資産形成で本当に重要なのは、派手な投資ではなく、再現性の高い方法を続けることです。
youtubuでも解説しています。ぜひご視聴ください。↓
まずは1,000万円を目指そう
「3,000万円まで自動モード」と聞くと、3,000万円が重要だと思われるかもしれません。
しかし、本当に重要なのは最初の1,000万円です。
1,000万円がなければ、お金が働く力はまだ十分ではありません。
逆に言えば、1,000万円を突破すると、お金がお金を生み出すエンジンが本格的に動き始めます。
だからこそ、資産形成では「まずは1,000万円」が合言葉になります。
そのためには、
・家計を見直して支出を最適化する
・収入を増やす努力をする
・新NISAやiDeCoなどを活用し、長期・積立・分散投資を継続する
・暴落時にも積立を止めない
・生活レベルを急激に上げない
この5つを徹底することが何より重要です。
1,000万円から3,000万円までは自動モードで資産が増える理由の総括
1,000万円から3,000万円までが「自動モード」と言われるのは、資産が自分の代わりに働き始めるからです。
年利7%で運用できれば、1,000万円は年間約70万円、3,000万円なら年間約210万円もの利益を生み出す可能性があります。
さらに積立投資を継続すれば、運用益と積立の相乗効果によって資産形成のスピードは一段と加速します。
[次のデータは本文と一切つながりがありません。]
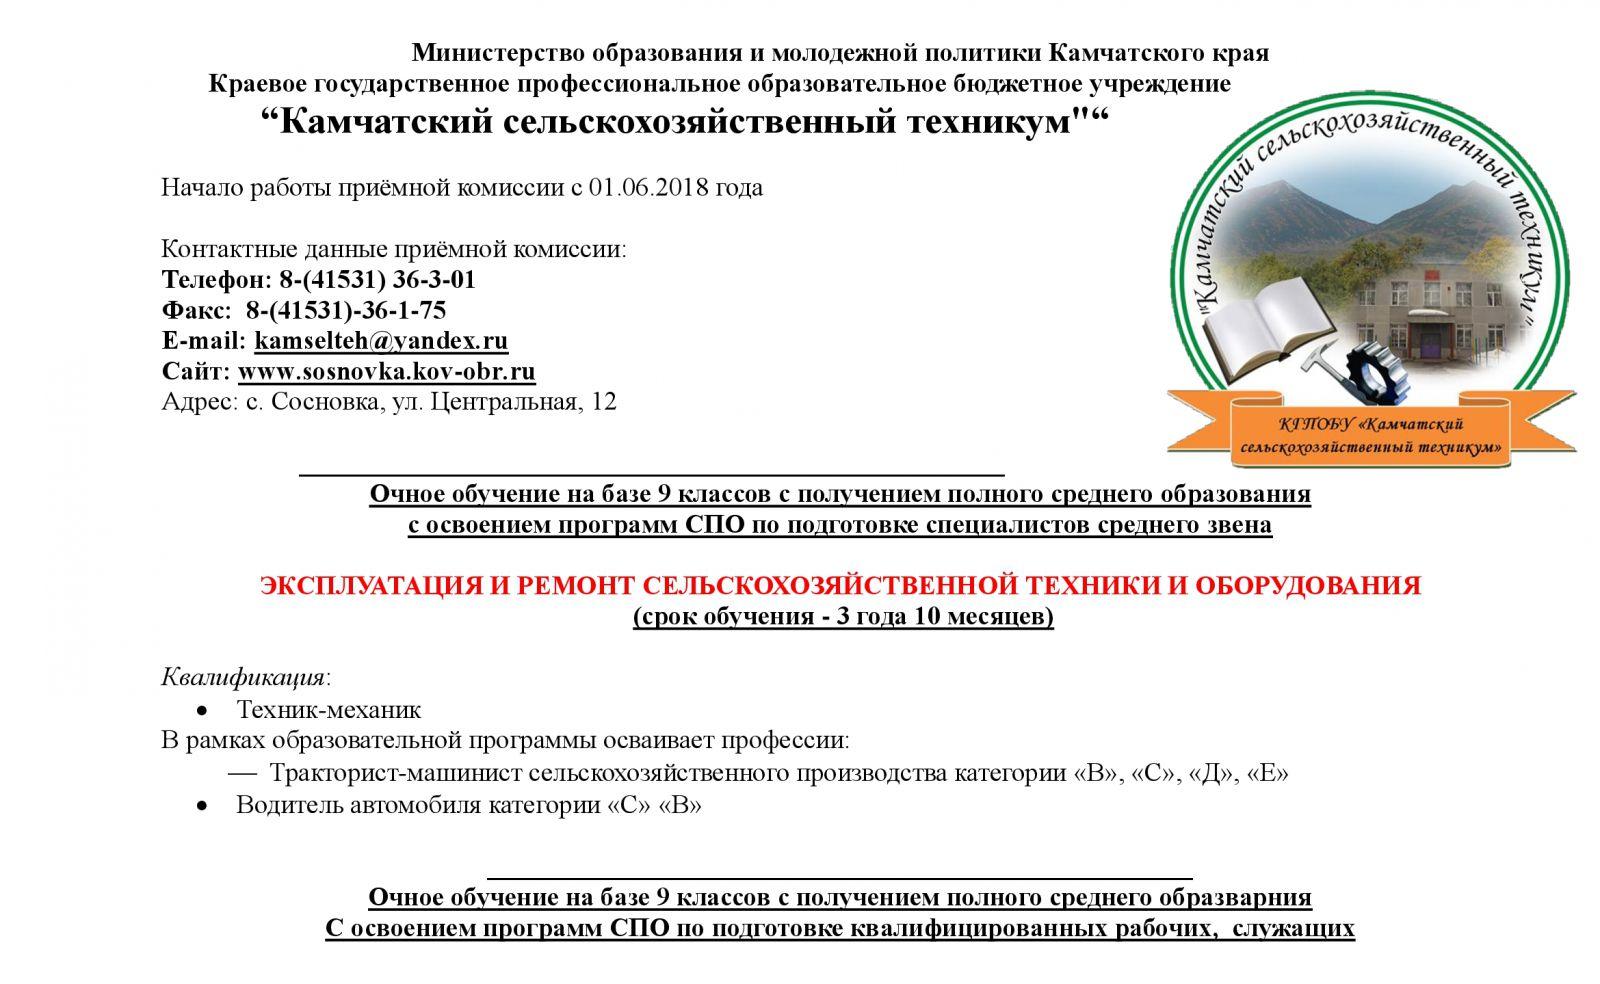 аттестация рабочих мест в петропавловске камчатском

もちろん、投資に絶対はなく、将来のリターンは保証されません。しかし、長期・積立・分散という基本を守り、生活水準を急激に上げず、資産形成を継続していけば、お金が自分の代わりに働いてくれる感覚を実感できる日が近づいてくるでしょう。
まず目指すべきゴールは1,000万円です。
そこはゴールではなく、本当の資産形成が始まるスタートラインなのです。